Sea ice variability in the North Pacific and its associations with the east Asia–North Pacific winter climate were investigated using observational data. Two dominant modes of sea ice variability in the North Pacific were identified. The first mode features a dipole pattern between the Sea of Okhotsk and the Bering Sea. The second mode is characterized by more uniform ice changes throughout the North Pacific.

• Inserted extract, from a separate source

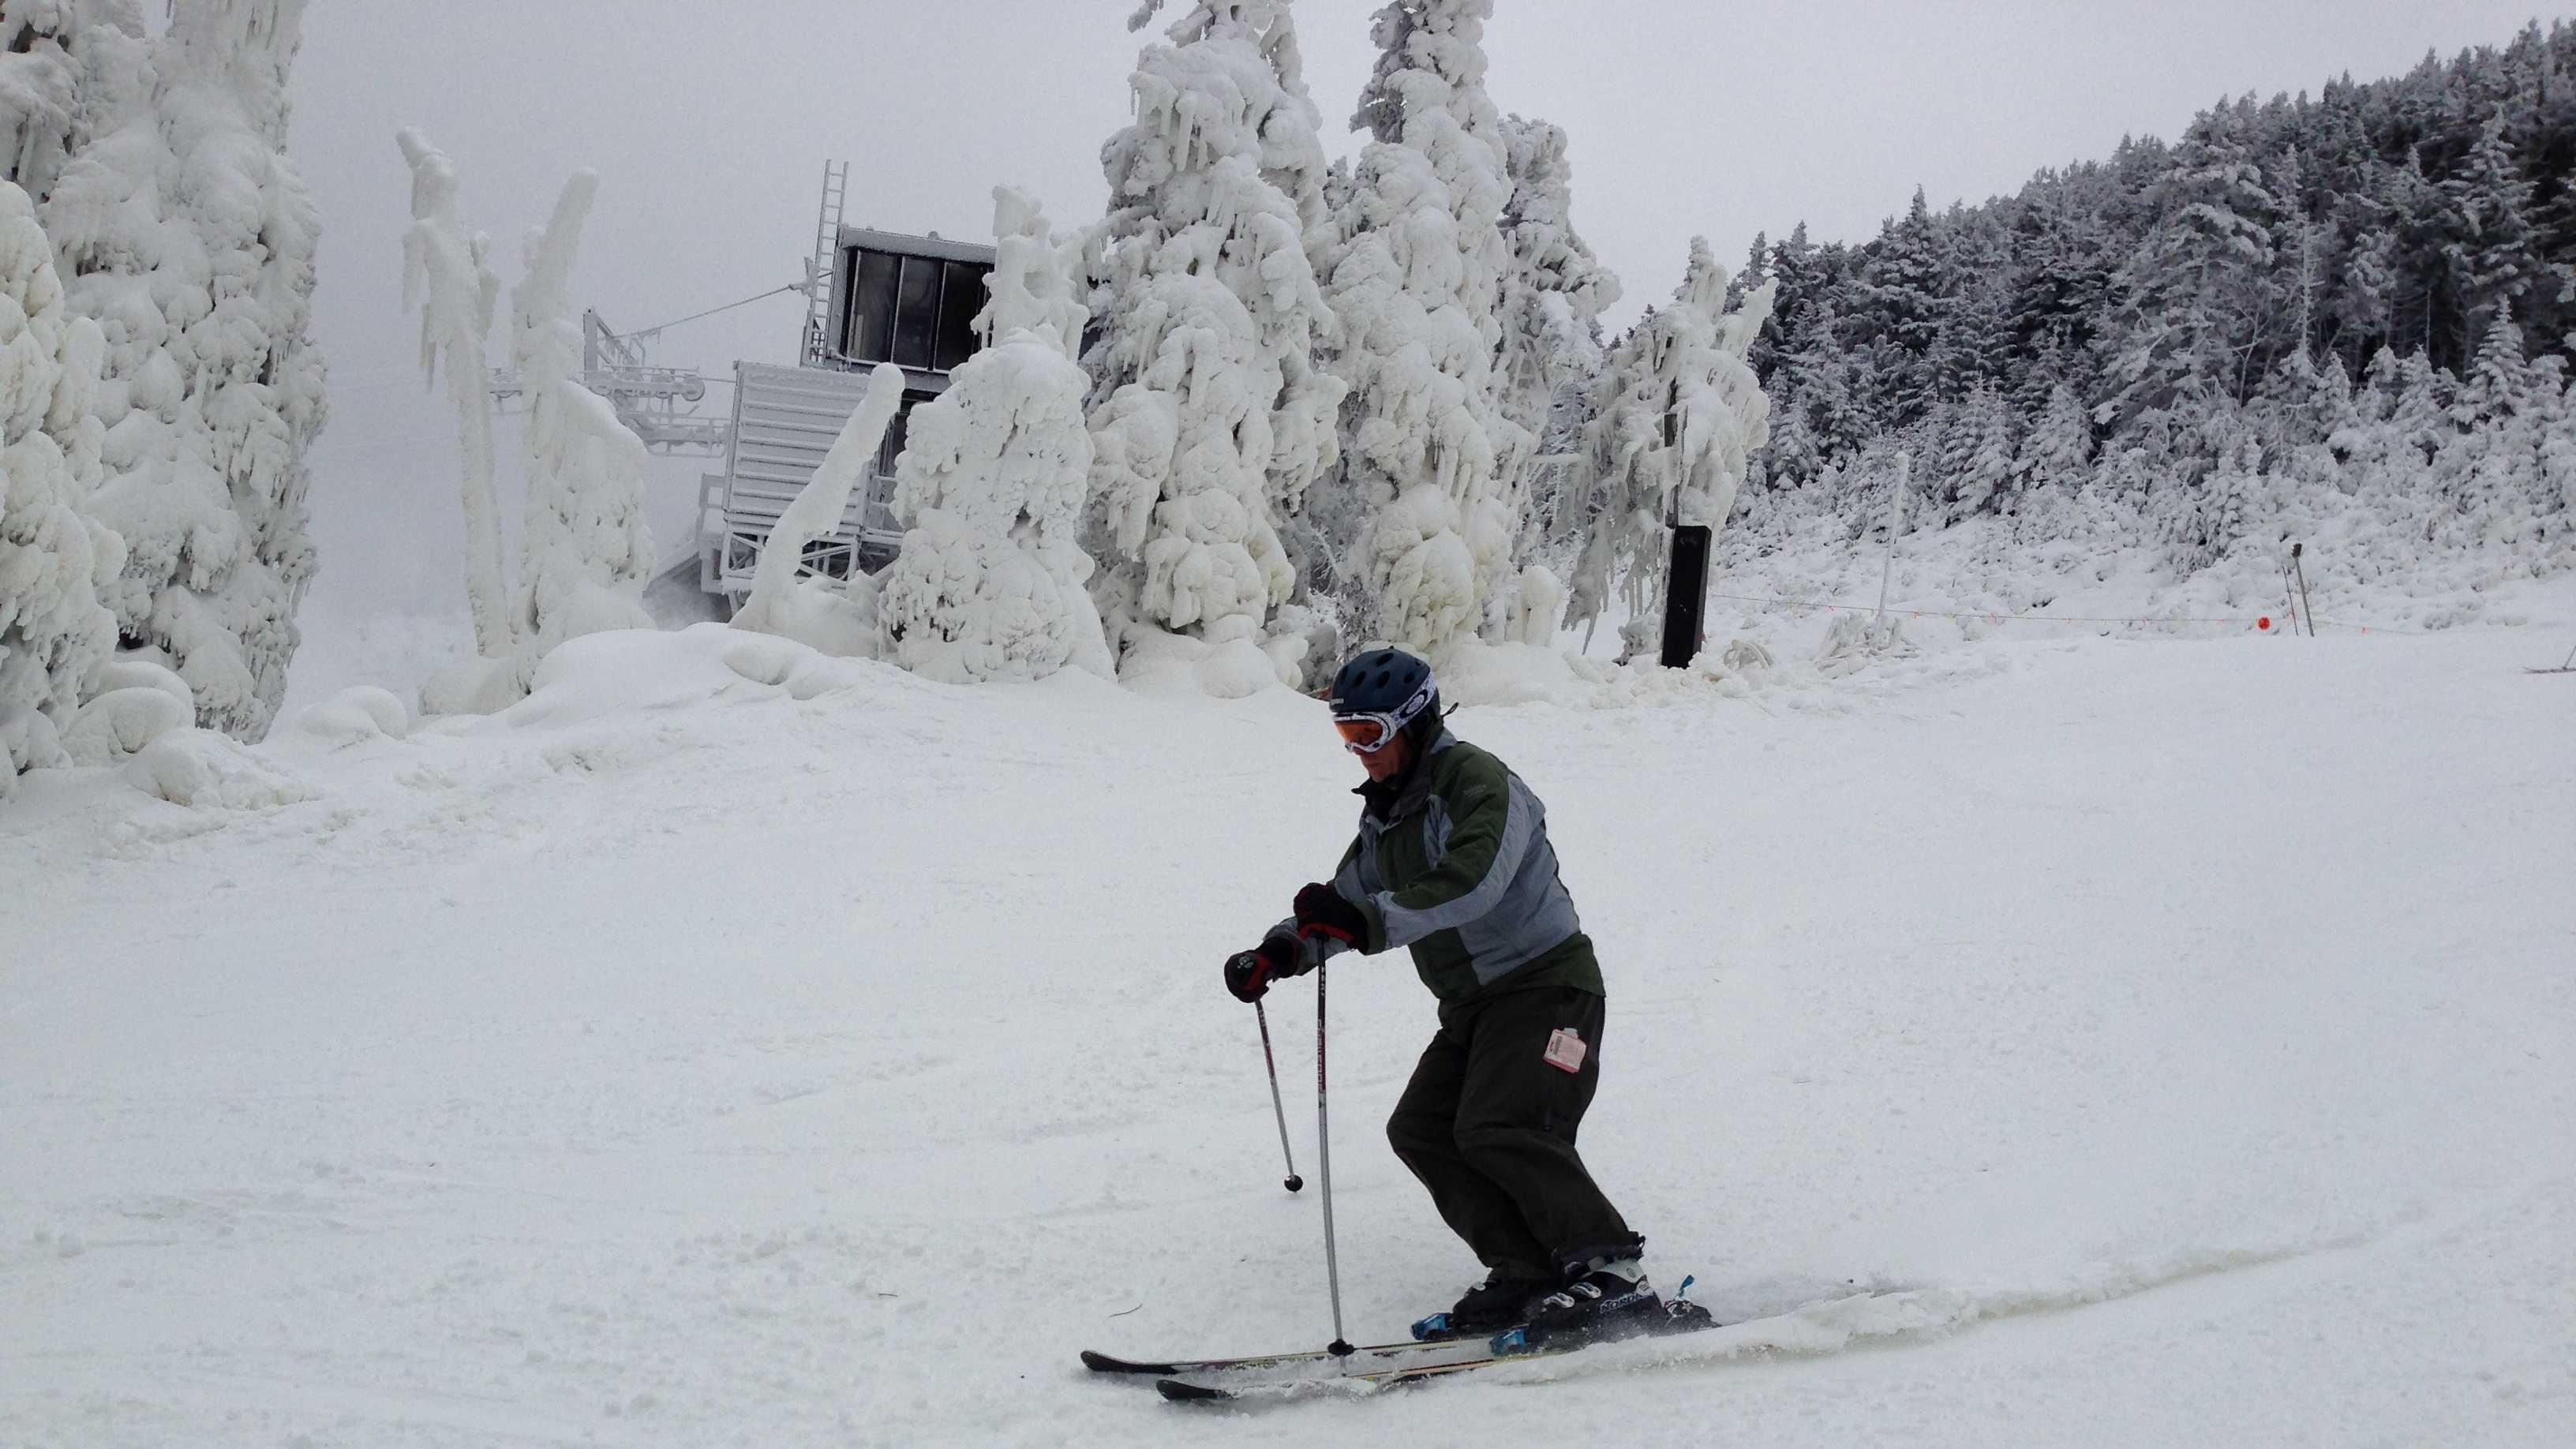 Snow covers Killington 3

Using the principal components of the two dominant modes as the indices (PC1 and PC2), analyses show that the positive phases of PC1 feature a local warming (cooling) in the Sea of Okhotsk (the Bering Sea), which is associated with the formation of the anomalous anticyclone extending from the northern Pacific to Siberia, accompanied by a weakening of the east Asian jet stream and trough. The associated anomalous southeasterlies/easterlies reduce the climatological northwesterlies/westerlies, leading to warm and wet conditions in northeast China and central Siberia. The positive phases of PC2 are characterized by a strong local warming in the northern Pacific that coincides with the anomalous cyclone occupying the entire North Pacific, accompanied by a strengthening of the east Asia jet stream and trough. The associated anomalous northerlies intensify the east Asian winter monsoon (EAWM), leading to cold and dry conditions in the east coast of Asia. The intensified EAWM also strengthens the local Hadley cell, which in turn strengthens the east Asian jet stream and leads to a precipitation deficit over subtropical east Asia. The linkages between PC1 and PC2 and large-scale modes of climate variability were also discussed. It is found that PC1 is a better indicator than the Arctic Oscillation of the recent Siberian warming, whereas PC2 may be a valuable predictor of EAWM.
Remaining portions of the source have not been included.